To investigate the potential influence of broiler isolates in human clinical settings, 72 isolates carrying blaCMY-2 collected at the Swedish Institute for Communicable Disease Control (SMI) from clinical laboratories selected to mirror the sampling period for the broilers and six isolates from a 2009 point prevalence study were characterized [10] (Edquist P, Olsson Liljequst B, Tegmark Wisell K, Giske CG, Unpublished data ). Twenty-one of the isolates tested positive for the IncK plasmid and these were subjected to PFGE, with four found to be non-typeable (Table 1). None of the 17 typeable isolates clustered with broiler isolates (Fig. 1). Moreover, the human isolates had a higher heterogeneity than the broiler isolates, were generally resistant to a wider range of antimicrobials and carried more PR types. Through transformation, 20 isolates transferred blaCMY-2, 19 tested positive for IncK and one for IncI1. No other resistance phenotypes were transferred and the plasmids were in the same size-range as those from broilers, with one exception, a 200 kb plasmid. The study by Leverstein-van Hall et al. [11] clearly demonstrated a relationship between ESBL-producing isolates of broiler and human origin. In contrast, the Swedish human and broiler isolates with blaCMY-2 appeared very distinct both genotypically and phenotypically (Fig. 1), at least among the limited number investigated here. These results indicate that there has been very limited or no direct transmission of E. coli isolates in Sweden between broilers and humans. In addition, a point prevalence study that involved the majority of Swedish human clinical laboratories, performed in Sweden in 2009 by SMI, found that a minority (approximately 6%) of cephalosporin-resistant E. coli carried pAmpC (Edquist P, Olsson Liljequst B,Tegmark Wisell K, Giske CG, Unpublished data).
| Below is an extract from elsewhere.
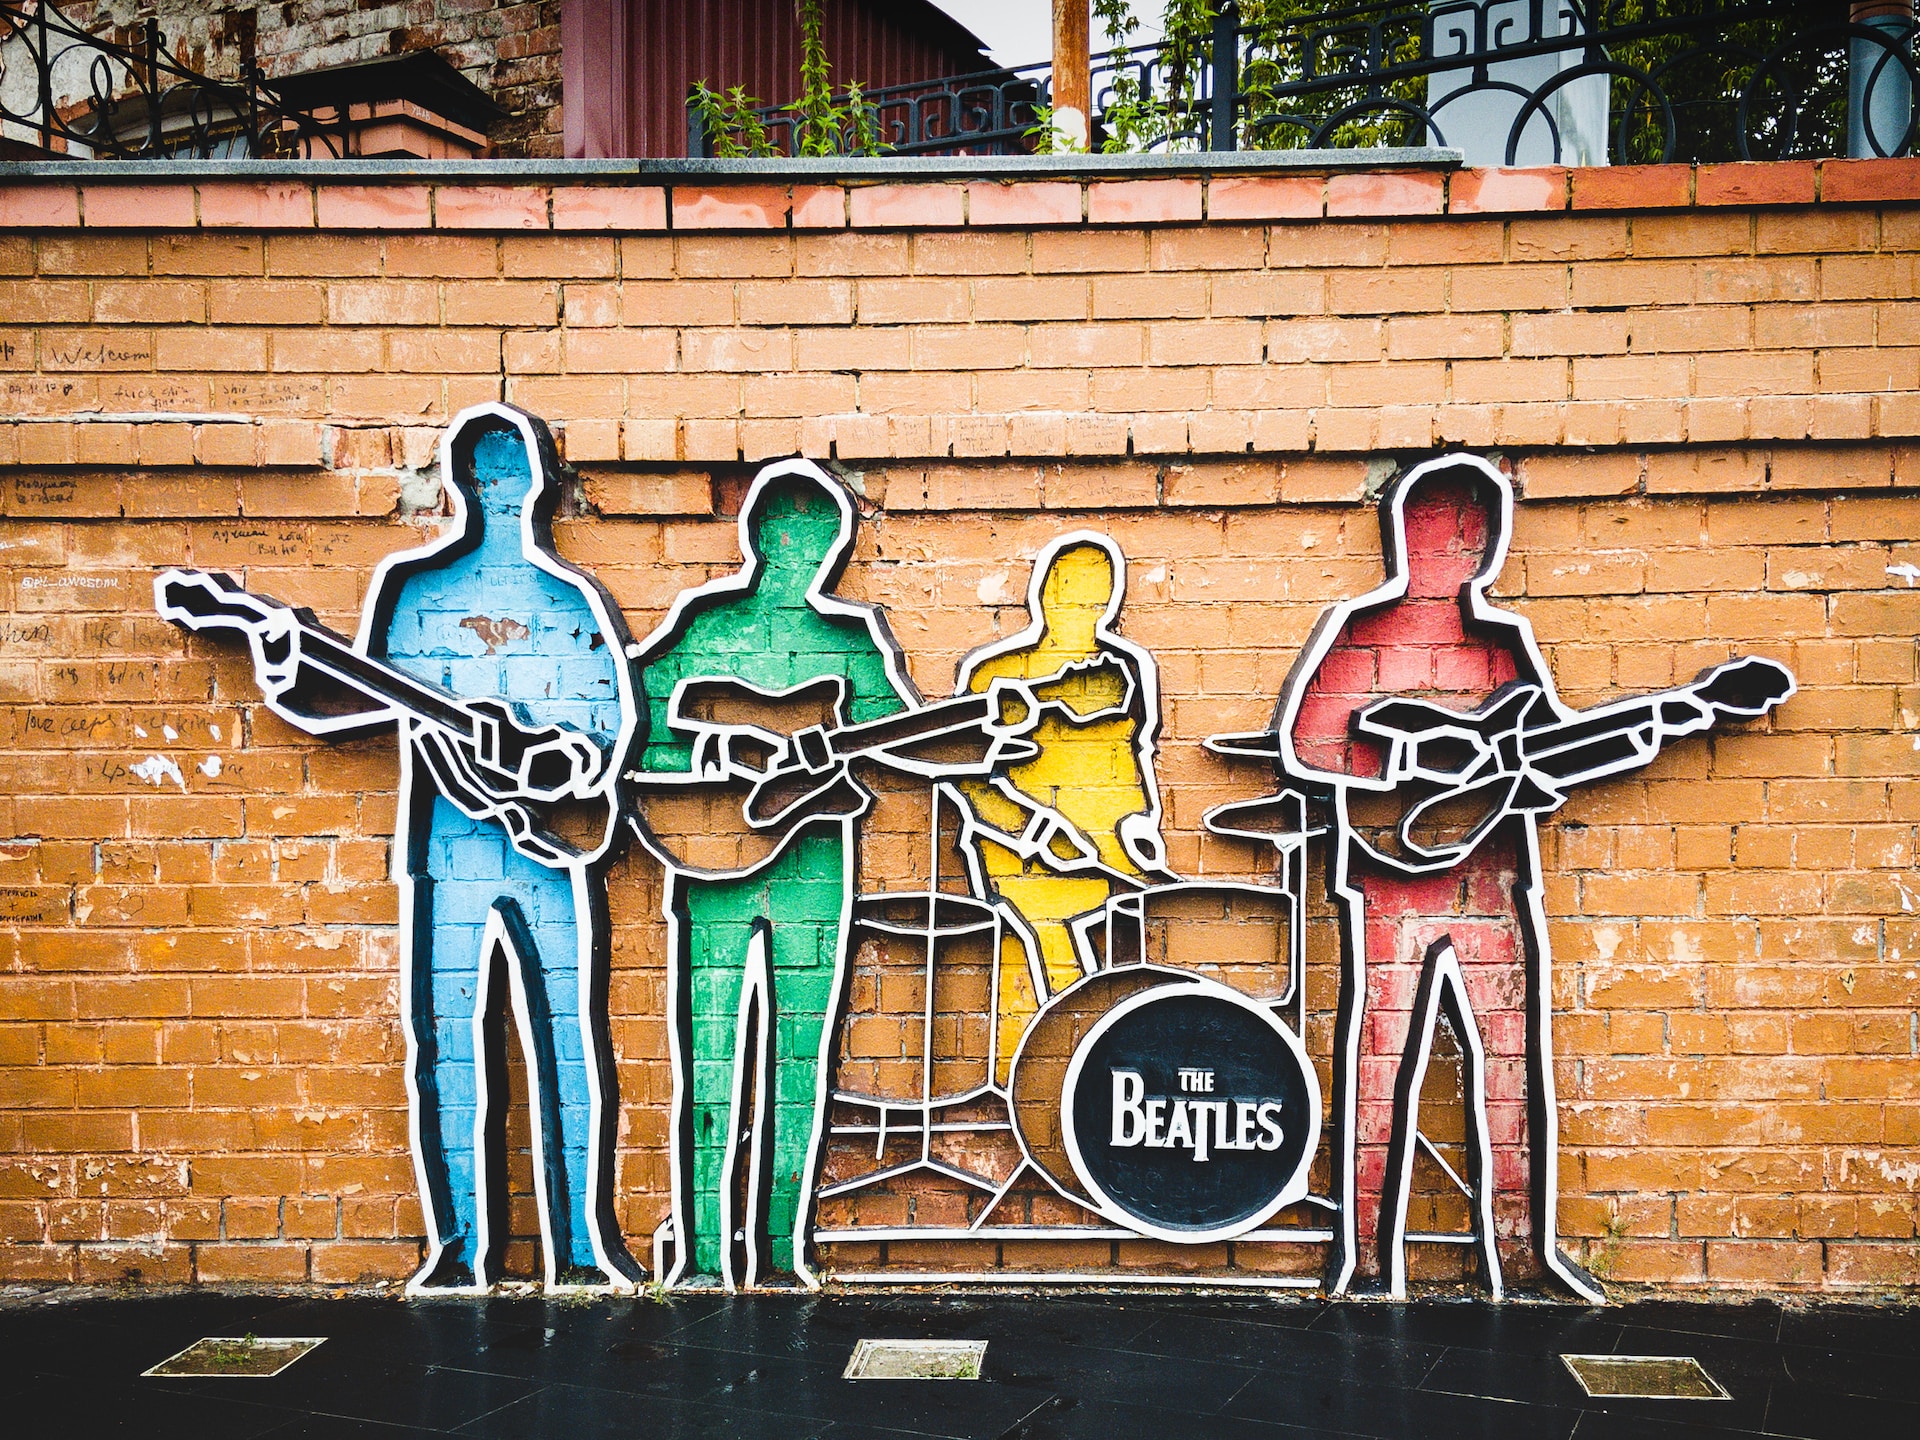 The Beatles wurden in Liverpool gegründet und waren zunächst eine Beat-Band

Despite the differences in isolate level, it is possible that transmission of the plasmid has occurred. In earlier studies on human clinical isolates, blaCMY-2 has mainly been described on other RTs [12], although there is a recent example of dissemination of IncK-blaCMY-2 among E. coli isolates in intensive care units in Canada [13]. The prevalence of IncK-blaCMY-2 plasmids in Europe appears also to have increased in the broiler population over the last few years [14], which in the future may influence occurrence among humans. Overall, the potential transfer appears very limited in Sweden, as the E. coli isolates with IncK-blaCMY-2 constituted a clear minority of the human clinical isolates, whereas the combination is almost universal in isolates from broilers. A limitation of this study was the small number of isolates included and the lack of temporal or spatial linkages to the human isolates. However, it is unlikely that the combination of genes in the broiler population has changed markedly over time. In addition, continued surveillance has also shown that blaCMY-2 continues to dominate [8].

No closely related human and broiler E. coli isolates were identified, indicating limited transmission of isolates between the two populations. However, because IncK-plasmids were identified in both populations, transmission of the plasmid cannot be ruled out. The high occurrence of pAmpC-producing E. coli in Swedish broilers is in any case distressing. Because Sweden is a low-prevalence country as regards ESBL and pAmpC, the occurrence in broilers may have a higher impact in the future.

Acknowledgment

Christina Greko, National Veterinary Institute (SVA), is acknowledged for her input into the project and the manuscript. The result in this article was partly presented at the 3rd ASM Conference on Antimicrobial Resistance in Zoonotic Bacteria and Foodborne Pathogens, 2012, Aix-en-Provence, France.

Transparency Declaration

The authors declare no conflict of interests. The work was supported by the Swedish Civil Contingencies Agency.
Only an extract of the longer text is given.